Tearmoon Empire Vol. 2 LN Review

tearmoon empire vol 2 cover

The selfish princess continues to thrive.

It’s school break time for Princess Mia, but between her duties as a member of the royal family and her need to continue the machinations meant to save her head, there’s little rest to be had. Mia’s future diary still predicts doom, so her laziness will have to wait; there are grain deals to be made and peaceful solutions to territorial disputes and would-be revolutions to be grabbed at. There is also a gentleman love Mia must ensure makes it to his own adulthood, as it turns out that her efforts to save her skin have resulted in endangerment to her adored Prince Abel. It’s all an awful lot of work for someone like Mia, so it’s a good thing everyone around her is deluded enough about her true nature that she can largely get them to help her achieve her own ends. That she manages to cap a largely triumphant volume with a likely ill-advised snubbing of a noble tea party is Mia at her most Mia.

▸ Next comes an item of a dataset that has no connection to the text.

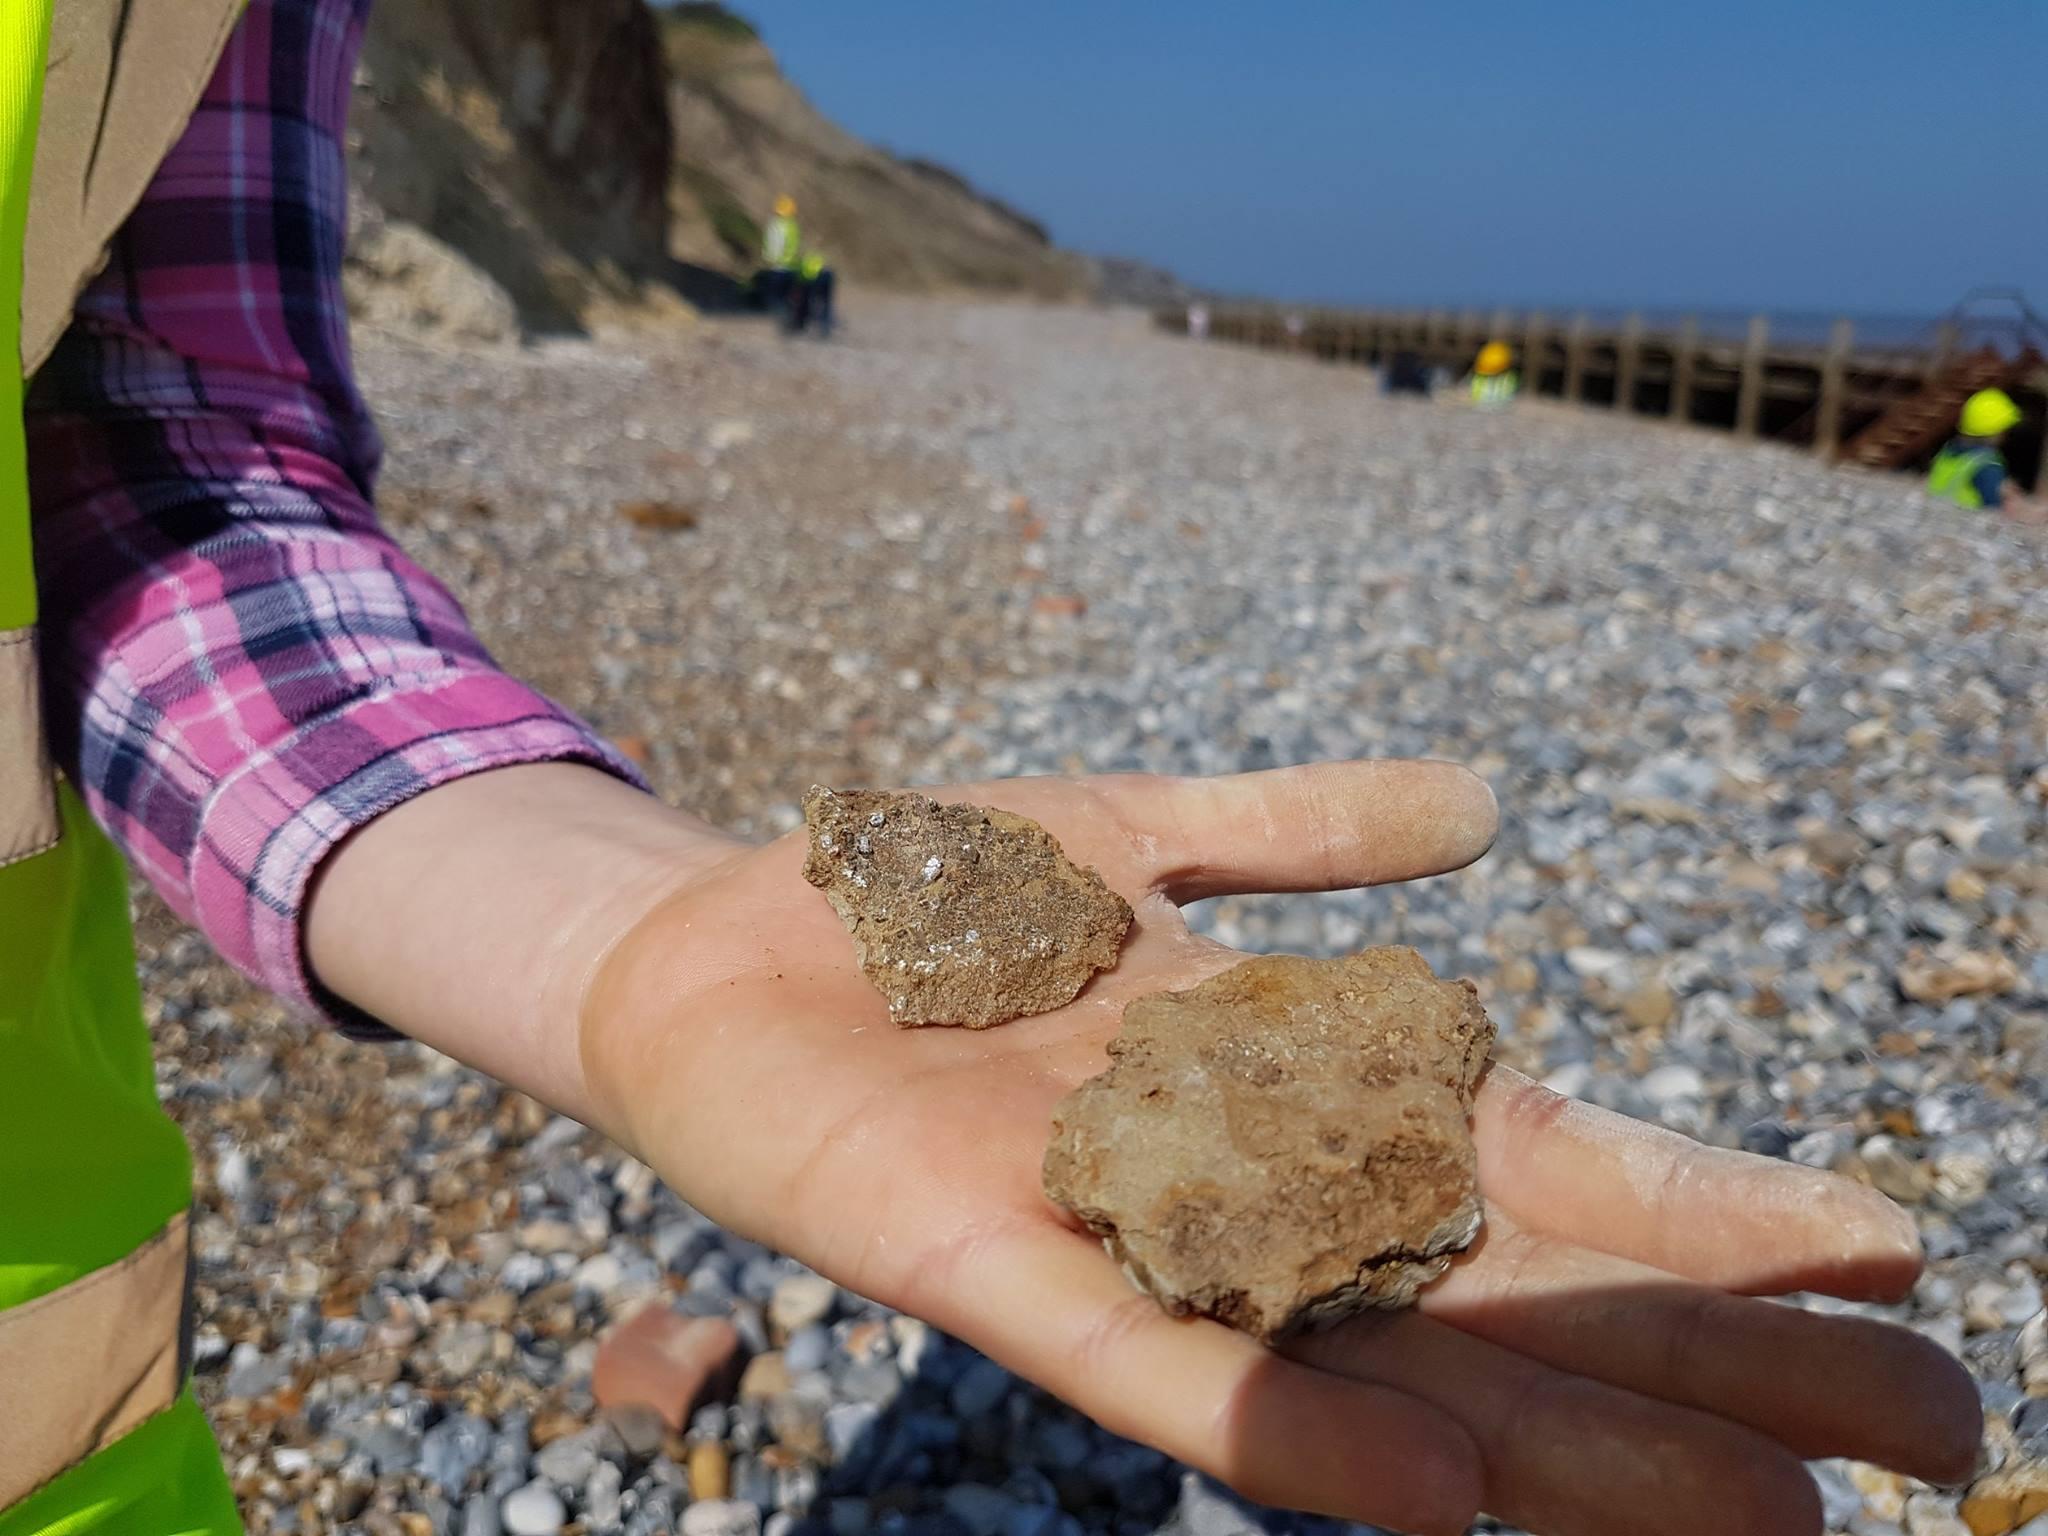 Some nice gypsum crystals found by Poppy Hewit.

As much as I enjoyed the first volume of Tearmoon Empire, the story overall absolutely ups its game here, particularly regarding political intrigue, although I wish it was willing to give Mia a little more credit than Mia is willing to grant herself. Mia is very much dedicated to avoiding a repeat date with the guillotine, but its also become clear that even if she doesn’t always do a great job with planning the details, she’s got the wherewithal to ensure she’s got the right people on hand to assume she has and carry it out anyway. And Mia, somewhat grudgingly, admits toward the end of the volume that she’s come to truly care about the people around her, many of whom were involved in her demise in her first time through life. It’s a shock for someone who is happily dedicated to the idea of herself as a selfish person.

But while this is a story primarily about its heroine’s growth as a person, the glimpse we get of Prince Sion’s own growth this volume is pretty intriguing, as he’s forced to come face-to-face with the fact that his sense of justice and righteousness may be as much about his own ego as it is about a genuine desire to do good. Tied in with this is a more general idea about second chances and forgiveness, and of people having the graciousness to allow others to have them.

I mentioned in my review of the first volume that I thought translator and editor David Teng and Hannah N. Carter made for a good team, and that’s still the case here. It isn’t unusual, it seems, for J-Novel Club to swap out translators mid-series, so I am hoping that will not prove the case here.

I am avidly looking forward to the third volume, and also hoping fervently that it won’t be as long a wait as it was between the first and second volumes. There’s still some intrigue that hasn’t been entirely solved, and I am eager to spend more time with Mia and her cohort. I am also curious to see how things shake out with the nobles Mia irks at the end of the book, as I can’t imagine they’ll settle down easily after their tooth-gnashing.